It only remains to throw away those zero-crossings (below, left) where the magnitude of the gradient is small. I decided to set as threshold $\theta = 3.$ In that case, the edge map (below, right) is computed as follows:

theta=3.0
Edges = multiply(ZeroCrossings, magn>theta)


`ZeroCrossings`	`Edges`

We need to repeat the same procedure on the smoothing $f_t$ for different scales, say the dyadic $t=2^k$ for $k=2, \dotsc, 5,$ and then collect all the corresponding results. Note that the same threshold $\theta=3$ must be applied to the magnitude of the different gradients.

Canny

At each scale $t,$ compute points $\boldsymbol{x}$ satisfying $\nabla f(\boldsymbol{x})\neq \boldsymbol{0},$ and where the expression below changes sign:
$\begin{pmatrix} \dfrac{\partial f}{\partial x_1} & \dfrac{\partial f}{\partial x_2} \end{pmatrix} \cdot \begin{pmatrix} \dfrac{\partial^2 f}{\partial x_1^2}& \dfrac{\partial^2 f}{\partial x_1 \partial x_2}\\ \\ \dfrac{\partial^2 f}{\partial x_1 \partial x_2}& \dfrac{\partial^2 f}{\partial x_2^2} \end{pmatrix} \cdot \begin{pmatrix} \dfrac{\partial f}{\partial x_1}\\ \\ \dfrac{\partial f}{\partial x_2}\end{pmatrix}.$
At each scale $t$ fix a threshold $\theta(t)$ and discard the points $\boldsymbol{x}$ computed in the previous step that satisfy $\lVert \nabla f(\boldsymbol{x}) \rVert \leq \theta(t).$

We start by computing a matrix N where we collect, for each index $(x_1,x_2),$ the corresponding value of the expression above. We perform on this matrix a similar search for zero-crossings as we computed for the algorithm of Hildreth-Marr:

D1,D2=numpy.gradient(convImage)
D11,D12=numpy.gradient(D1)
D21,D22=numpy.gradient(D2)
N = D1*D11*D1 + D1*D12*D2 + D2*D21*D1 + D2*D22*D2

WWEE[1:N.shape[0]-1,:] = sign(N[0:N.shape[0]-2,:]*N[2:N.shape[0],:])<0
NNSS[:,1:N.shape[1]-1] = sign(N[:,0:N.shape[1]-2]*N[:,2:N.shape[1]])<0
NWSE[1:N.shape[0]-1,1:N.shape[1]-1] =
          sign(N[0:N.shape[0]-2,0:N.shape[1]-2]*
               N[2:N.shape[0],2:N.shape[1]])<0
NESW[1:N.shape[0]-1,1:N.shape[1]-1] =
          sign(N[2:N.shape[0],0:N.shape[1]-2]*
               N[0:N.shape[0]-2,2:N.shape[1]])<0

ZeroCrossings = maximum( maximum( maximum(NNSS, WWEE), NWSE), NESW)

theta=3.0
Edges=multiply(ZeroCrossings, magn>theta)
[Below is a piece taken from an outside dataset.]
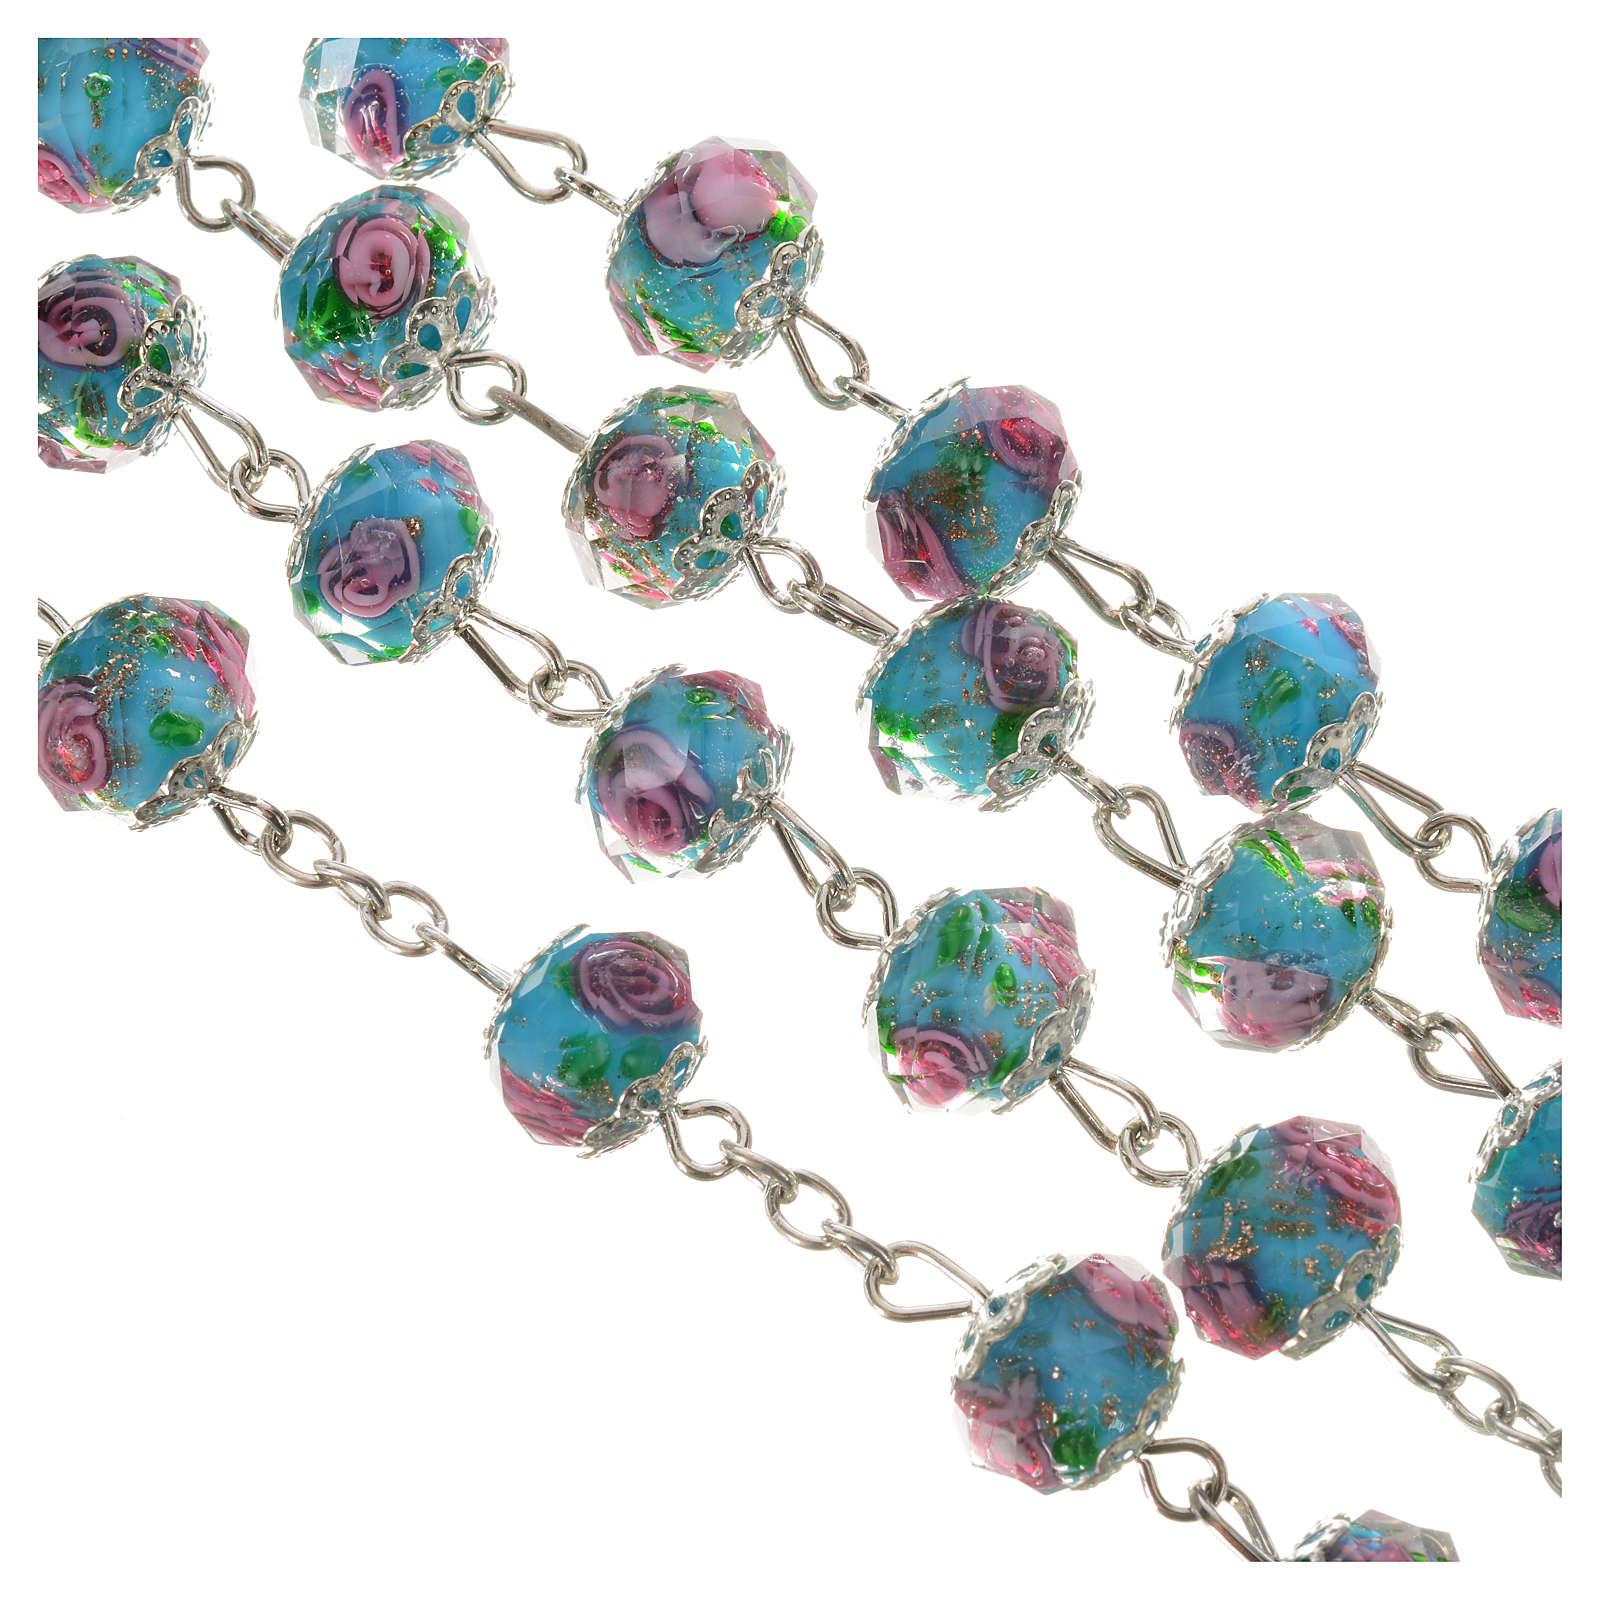 Chapelet cristal bleu ciel avec roses 10 mm 4

`ZeroCrossings (Canny)`	`Edges (Canny)`

As in the algorithm of Hildreth-Marr, we need to repeat the same procedure on the smoothing $f_t$ for different dyadic scales and collect all the corresponding results. The difference is that here we allow a scale-dependent threshold $\theta(t).$ A selection that works well is, for example, to choose the mean value of the magnitudes of the gradient of $f_t.$ I encourage you to play around with different images, and investigate what characteristics will dictate a good choice in this case.

Miscellaneous

The Scale Space Theory

What do we do with all different edge maps at different scales? For most images it is enough to “choose” the edge map at a certain scale—that one that visually satisfies whatever constraints we might require for a particular problem. Sometimes it pays off to collect them all, or start with the edges at the lowest level scale, and add a selection of the new edges from the larger scales… There is no single best method, as far as I am concerned.

Codes for graphics

The code that produced most of the images above is straightforward, except maybe the addition of the vector fields of the gradient and its normal on top of the windowed image. This was accomplished with the following commands:

matplotlib.pyplot.figure()
# Plot the Gradient (note the switching of derivatives and sign)
matplotlib.pyplot.quiver(-D2[300:450:4,300:450:4],D1[300:450:4,300:450:4],
                                  color='b', pivot='mid', units='x')
# Plot the perpendicular to the Gradient
matplotlib.pyplot.quiver(D1[300:450:4,300:450:4],D2[300:450:4,300:450:4],
                                  color='r', pivot='mid', units='x')
matplotlib.pyplot.quiver(-D1[300:450:4,300:450:4],-D2[300:450:4,300:450:4],
                                  color='r', pivot='mid', units='x')
# Place the corresponding window of the image as background
matplotlib.pyplot.gray()
matplotlib.pyplot.imshow(float32(convImage[300:450:4,300:450:4]))
matplotlib.pyplot.savefig('/Users/blanco/Desktop/quiver.png')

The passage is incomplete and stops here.